Politicians that could have lived longer

A very popular one would be Alexander Hamilton. But I always wonder what if Turgut Ozal lived longer? He was the Turkish president and revived the economy, was incorruptible, built the Turkish tourist industry, and attempted to broker peace with the Kurds since he was half Kurdish. However, factions such as the army started to distrust him more and more until eventually, he died in office. The public was outraged but the army blocked any attempt for an autopsy, saying it was "medical issues". It wasn't until the 2010s was his body finally checked that it was confirmed he was poisoned.

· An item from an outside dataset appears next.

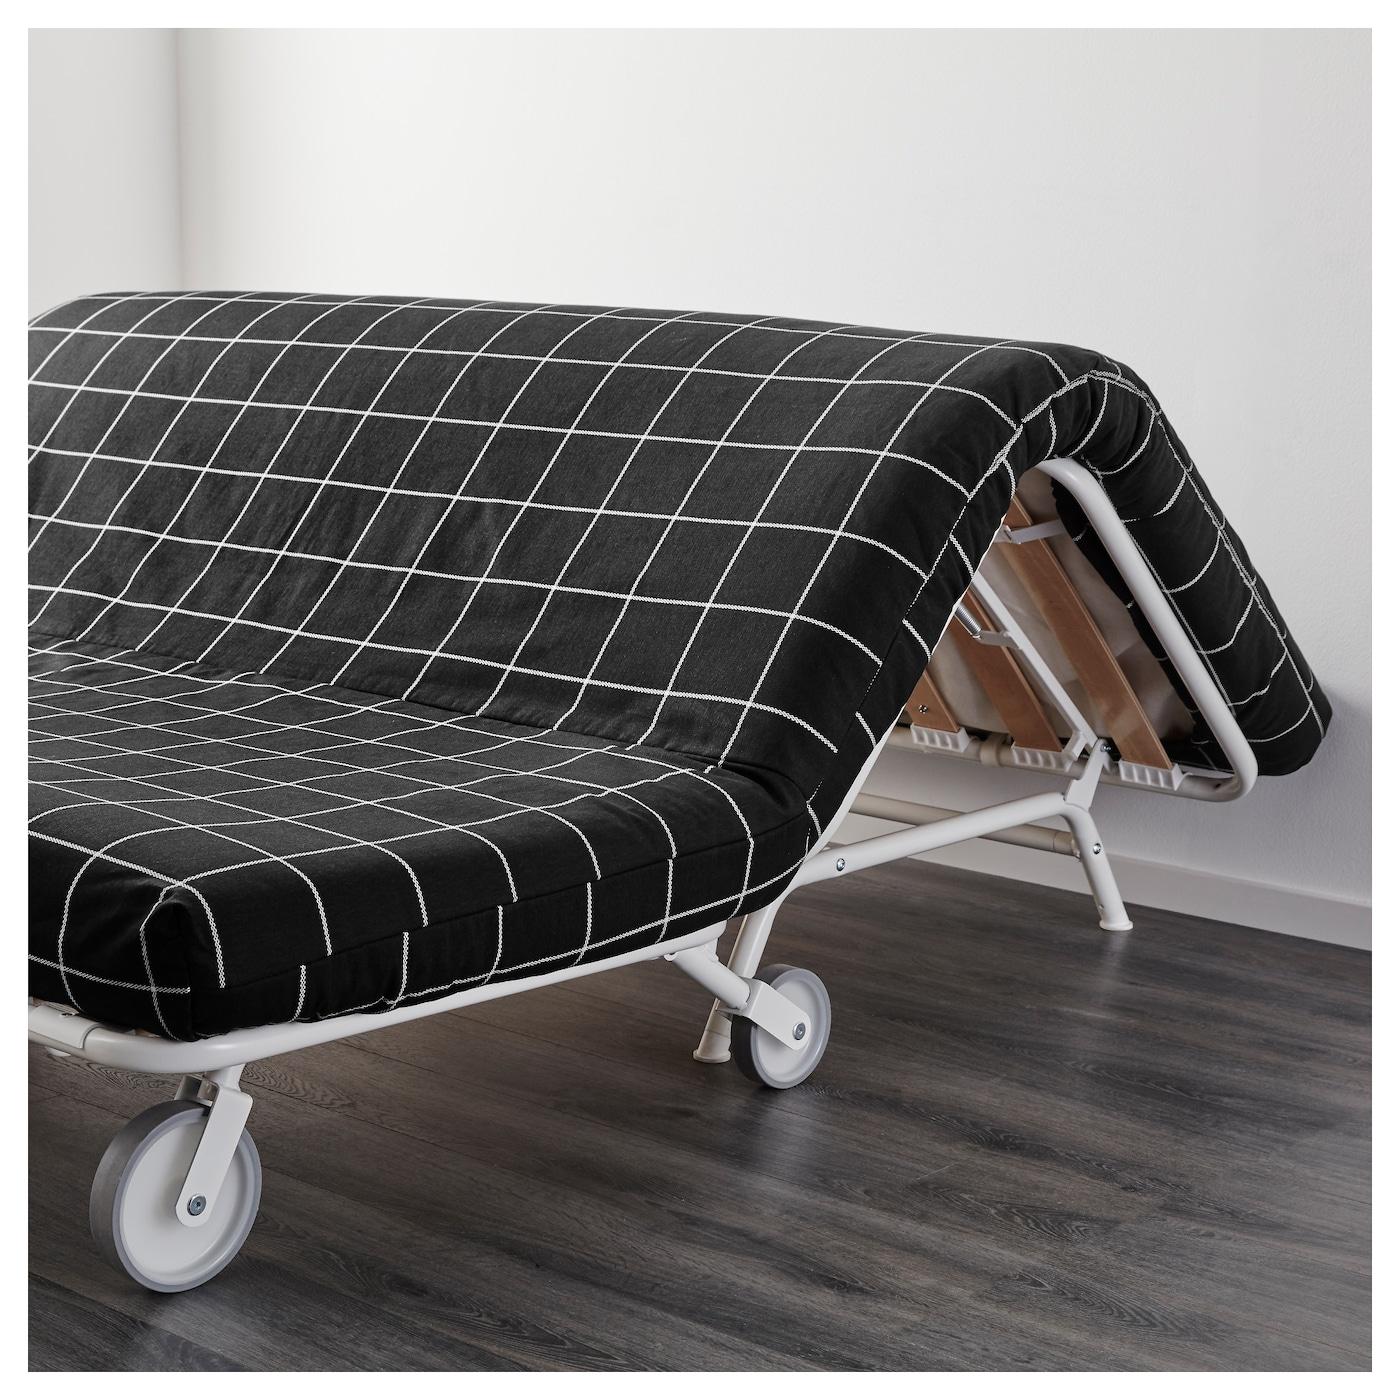 ikea ps l v s two seat sofa bed rute black ikea. Black Bedroom Furniture Sets. Home Design Ideas

There was also this Taiwanese politician, forgot his name, who wanted Taiwan to be democratic but Chiang imprisoned him. He eventually died and sadly the memoirs that he wrote were destroyed under orders from Chiang. So I wonder if Chiang died early and his son, Chiang Ching-Kuo, became dictator would he have let the man free? He also was a dictator but one who laid the foundations for democracy in Taiwan.
 

Driftless

Donor
Ramon Magsaysay - Philippine President 1953-57 (Our Philippine members will have more to offer on this fellow). A progressive leader in the early years of the Philippine Republic. Killed in a plane crash.
 

marktaha

Banned
Not a politician, but one that could certainly have an impact on politics is Kaiser Friedrich III.
At first, he would be at odds with Bismarck but he'd be the emperor and as such, in 1910s Germany he would have the power to influence the politics (read: foreign policy) of the country and very probably steer his nation in a much different path than OTL. Looking at the way OTL WW1 shaped the 20th -and 21st- centuries, the amount of butterflies here is gargantuan.
In classic If it had happened otherwise - If the Emperor Frederick had not had cancer
 
King Alexander of Greece is another example, since he died thanks a rabid monkey bite, with him in place, and not his father, Grece could perform better in the Greek-Turkish war, we can avoid the 1924 revolution, and even Metaxas dictatorship. If he can have male offsprings we will have very different Glucksburg dinasty on the throne, and maybe a better Greece, today other then a monarchical one.
 
Wendell Wilkie only died when he was 52 and died of a heart attack, he had been a smoker but he easily could have 10 years added onto his life.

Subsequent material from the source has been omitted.